— WHAT YOU HAVE TO DO —
Give back each line of the data exactly as it reads, minus the pictures.

— DATA EXTRACT —
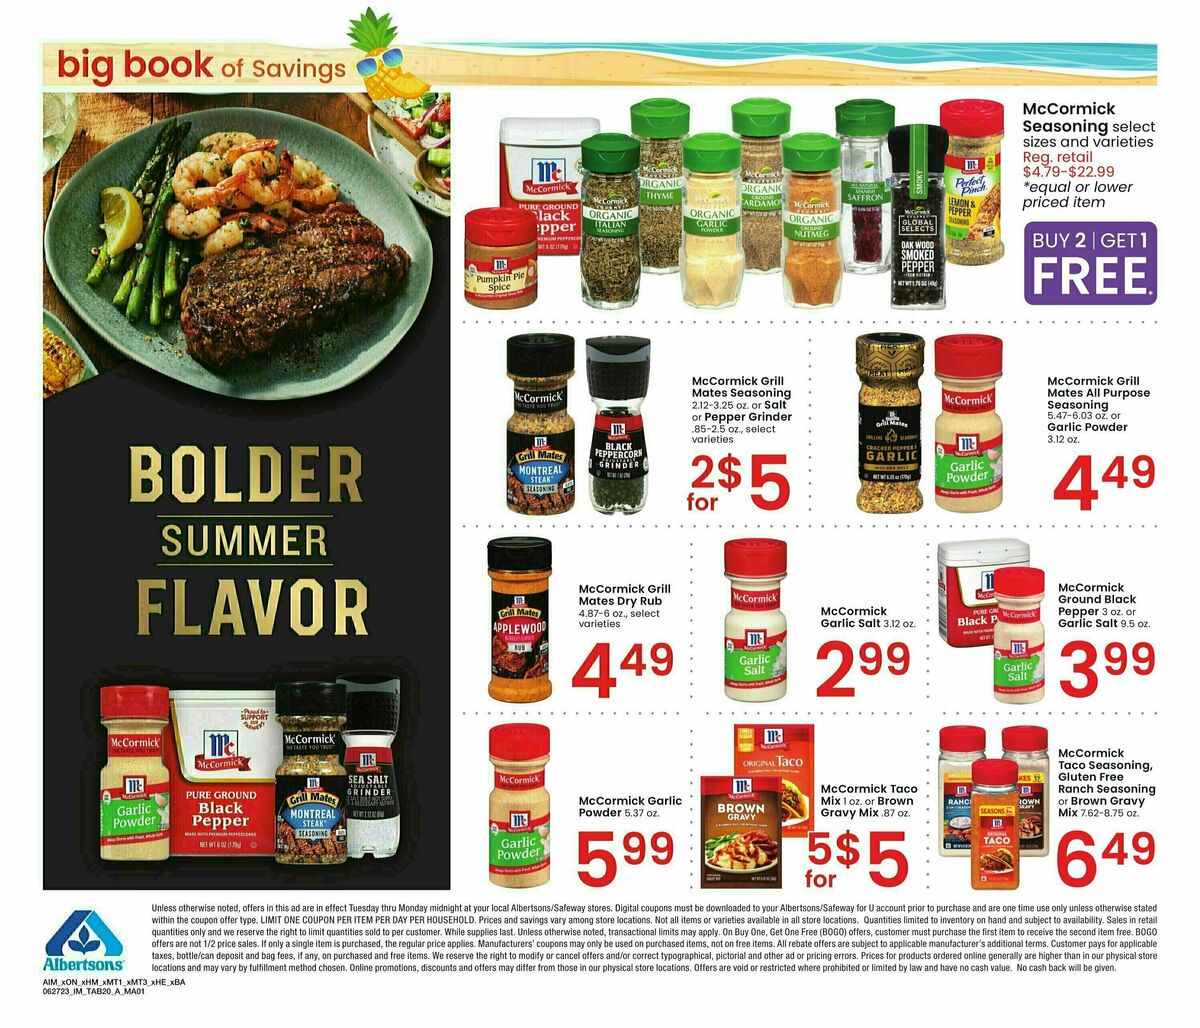 Albertsons Big Book of Savings Weekly Ad from June 27
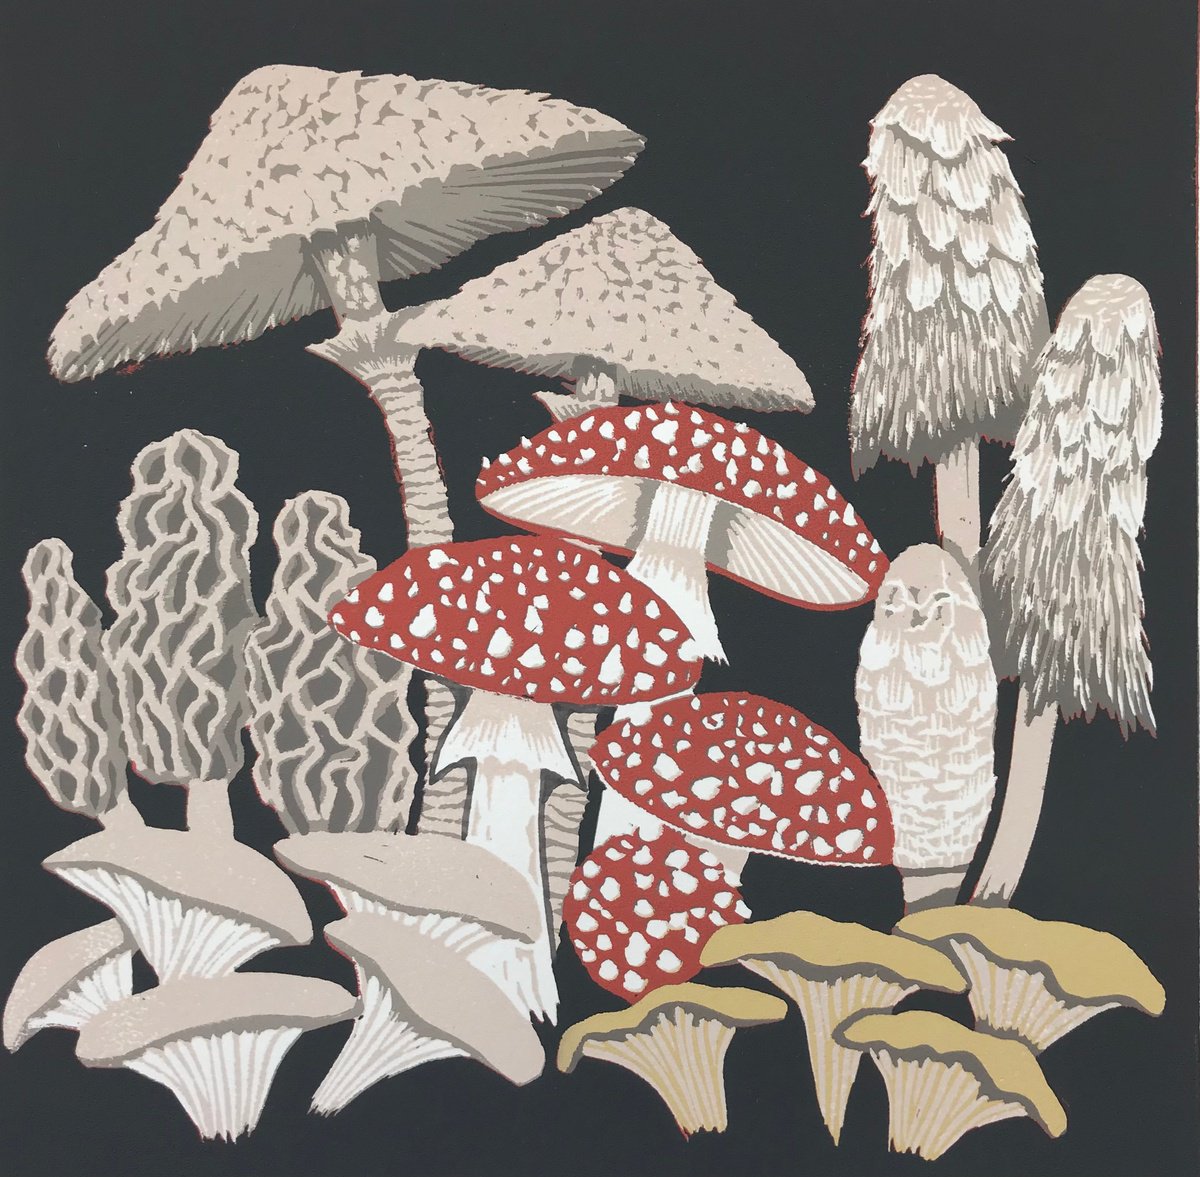 Mushroom medley by Gerry Coles
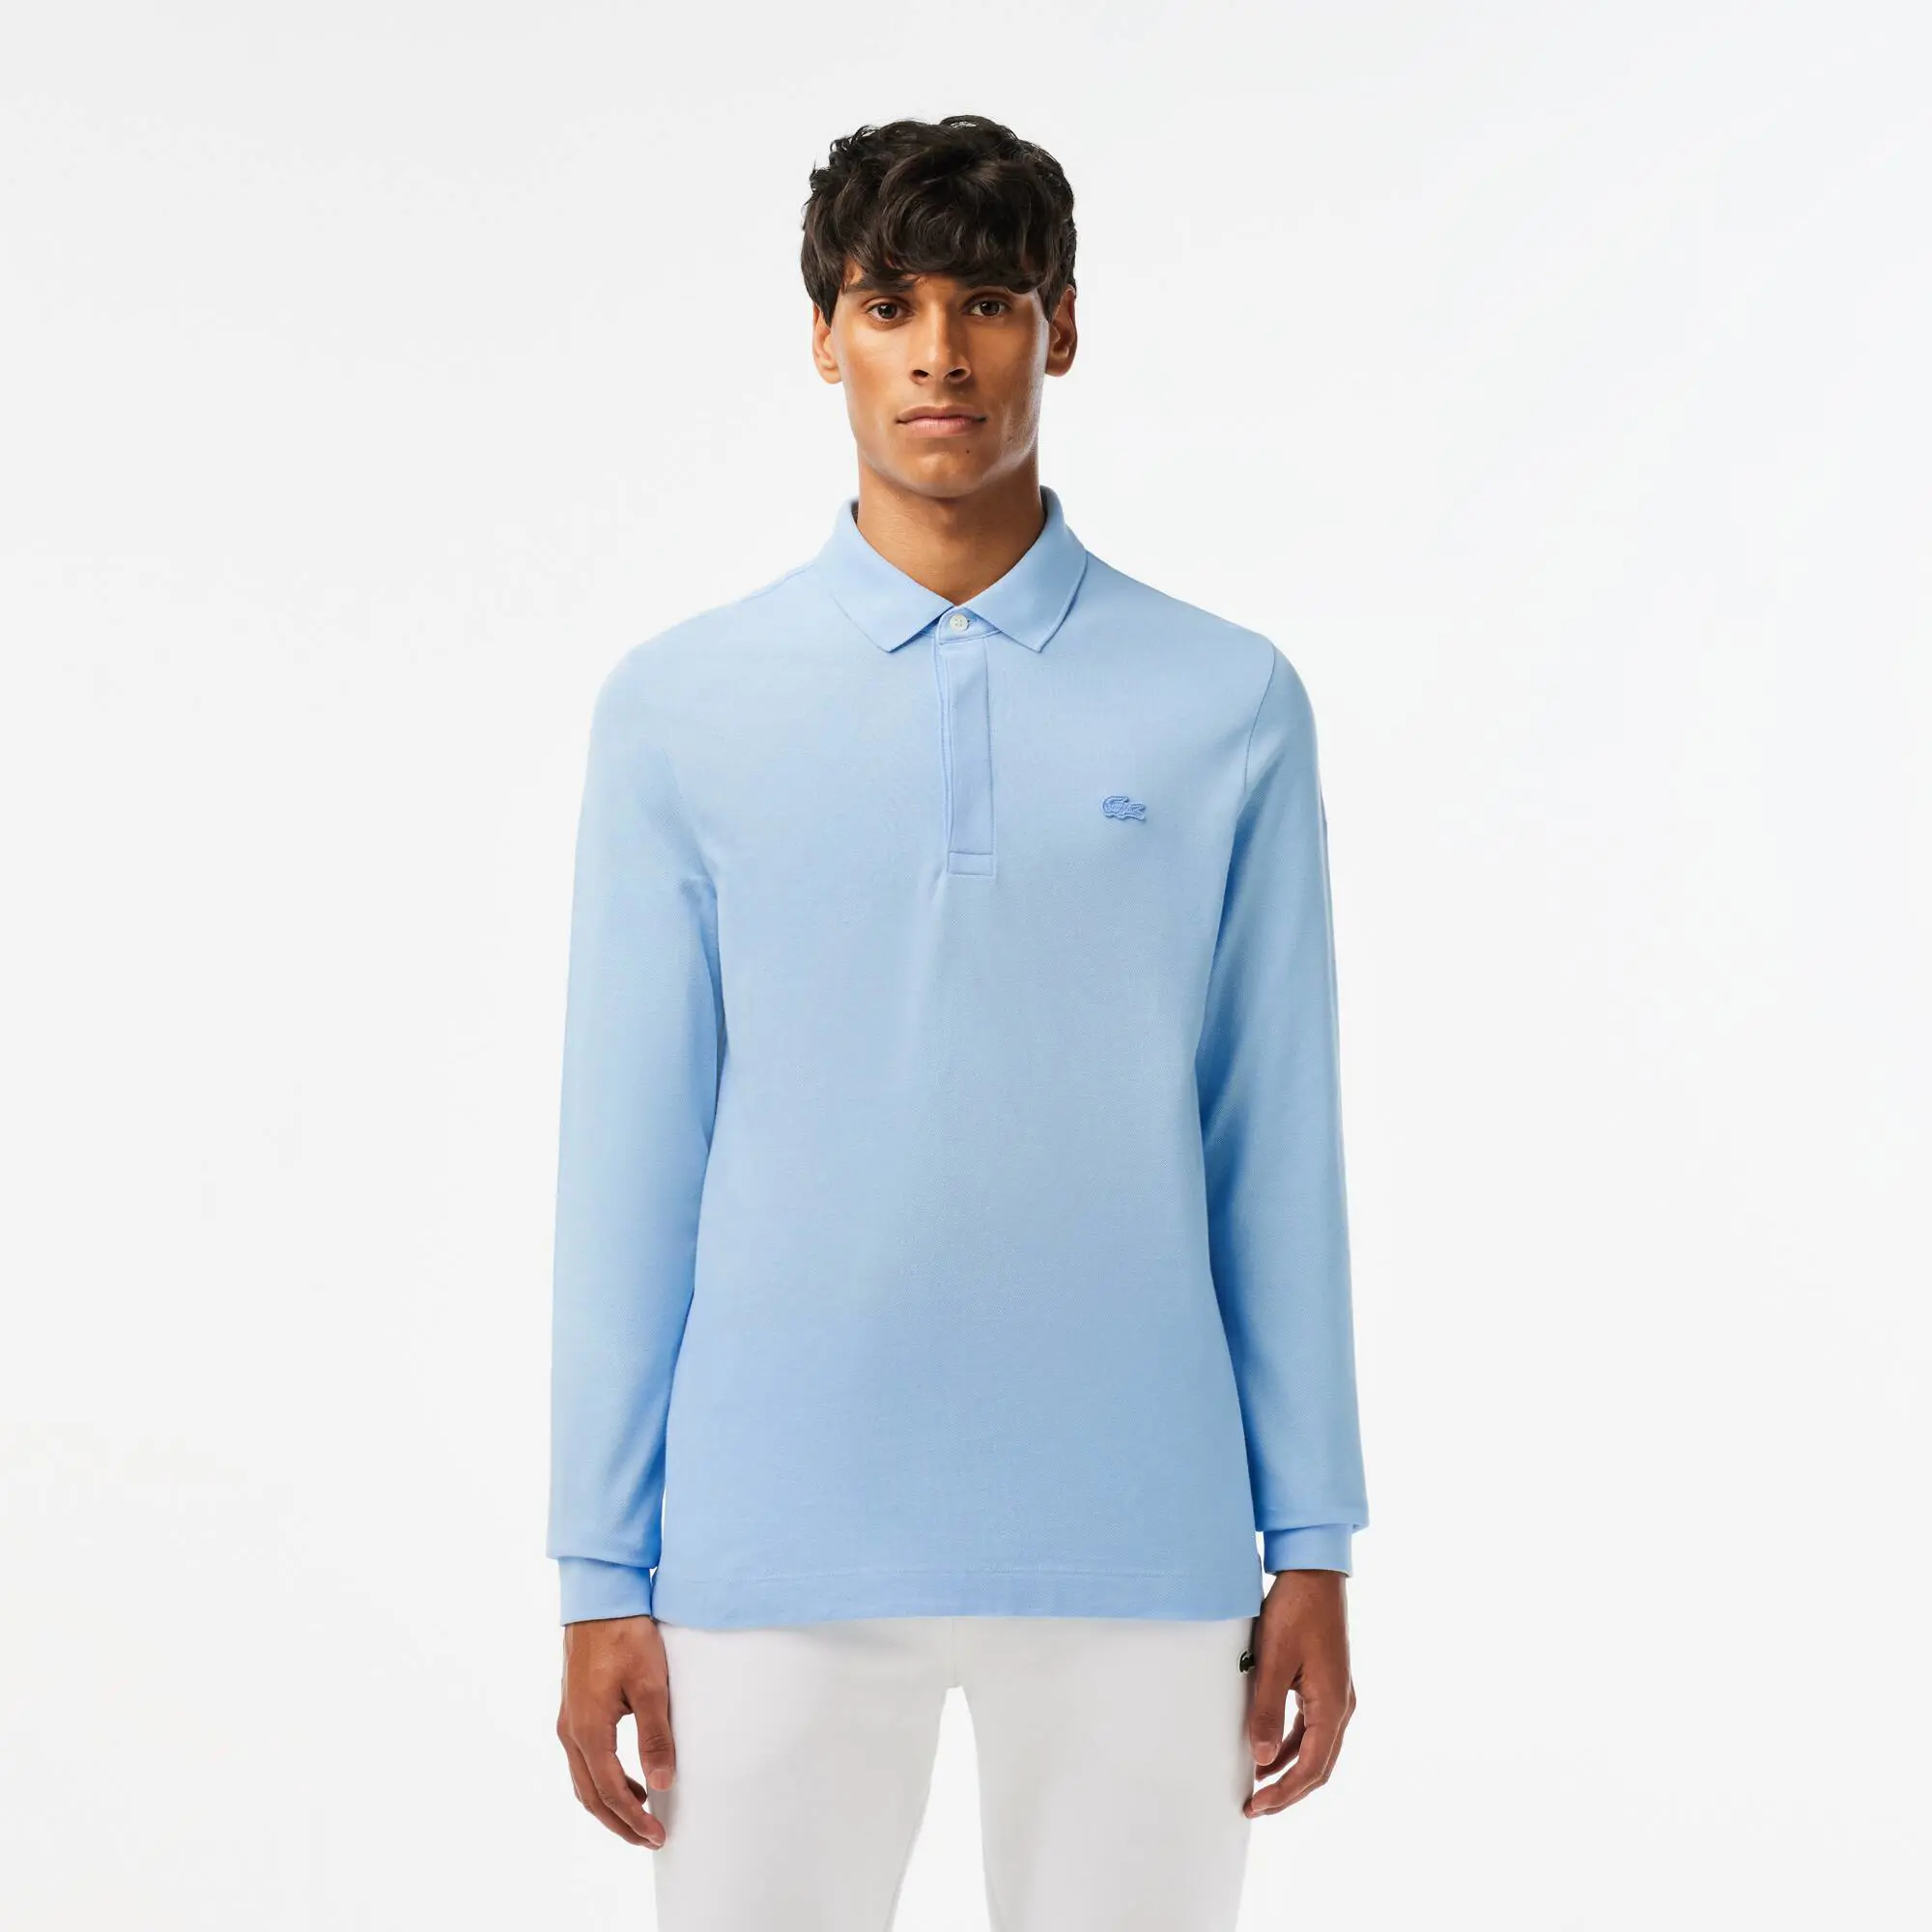 Lacoste Smart Paris long sleeve stretch cotton Polo Shirt. 1

— EXPECTED OUTPUT —
 Albertsons Big Book of Savings Weekly Ad from June 27
 Mushroom medley by Gerry Coles
 Lacoste Smart Paris long sleeve stretch cotton Polo Shirt. 1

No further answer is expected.